Abstract

The mechanism of ventricular tachycardia (VT) that occurs in the absence of structural heart disease (“idiopathic” VT) is unknown, but may involve triggered activity or reentry through calcium channel-mediated conduction pathways. It has been suggested that termination of VT by adenosine is specific to ventricular arrhythmias caused by cyclic adenosine monophosphate-mediated triggered activity.

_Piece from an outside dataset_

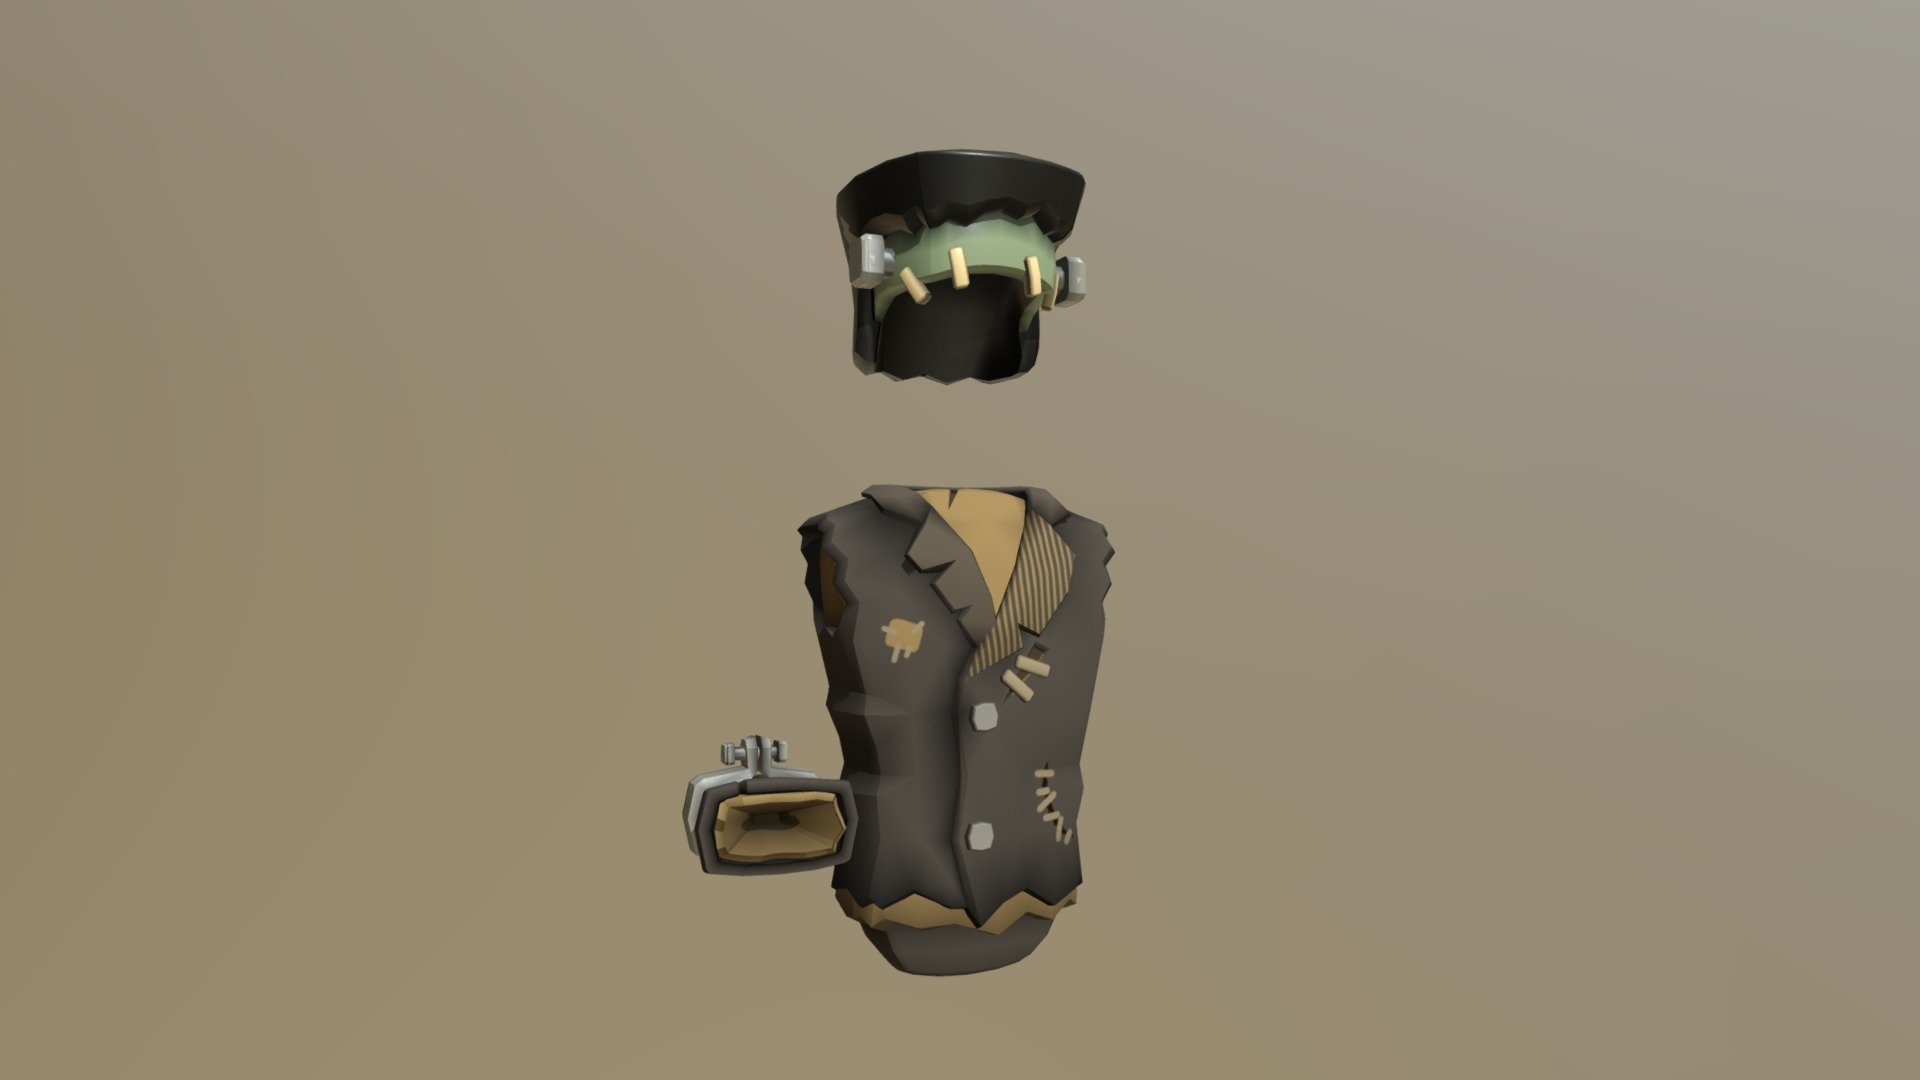 Frankenstein Halloween Outfit from Rec Room

The effects of vagotonic maneuvers, and intravenous adenosine (up to 0.25 mg/kg in incremental doses) and verapamil (0.145 mg/kg) administered to 9 patients with “idiopathic” VT were studied during electrophysiologic study. Seven patients had inducible fascicular VT and 2 had incessant right ventricular outflow tract tachycardia. Vagal maneuvers did not have any effect on any VT. Adenosine interrupted both right ventricular outflow tract tachycardias for a period (2 to 15 seconds) that was dependent on the dose of adenosine, but had no effect on VT in any patient with fascicular VT. Verapamil produced stuttering termination of right ventricular outflow tract tachycardia with no preceding change in RR interval in patients with this arrhythmia. Administration of verapamil to patients with fascicular VT was followed by gradual slowing of the arrhythmia (cycle length increased from 397 ± 45 to 506 ± 86 ms; p < 0.01) in all 7 patients and by termination of VT in 6. In conclusion, the differential response of fascicular and right ventricular outflow tract tachycardias to both adenosine and verapamil suggests that: (1) These 2 forms of idiopathic VT have different mechanisms. (2) Fascicular VT is unlikely to be due to cyclic adenosine monophosphate-mediated triggered activity. These findings also have implications for the use of adenosine as a diagnostic agent in broad-complex VT.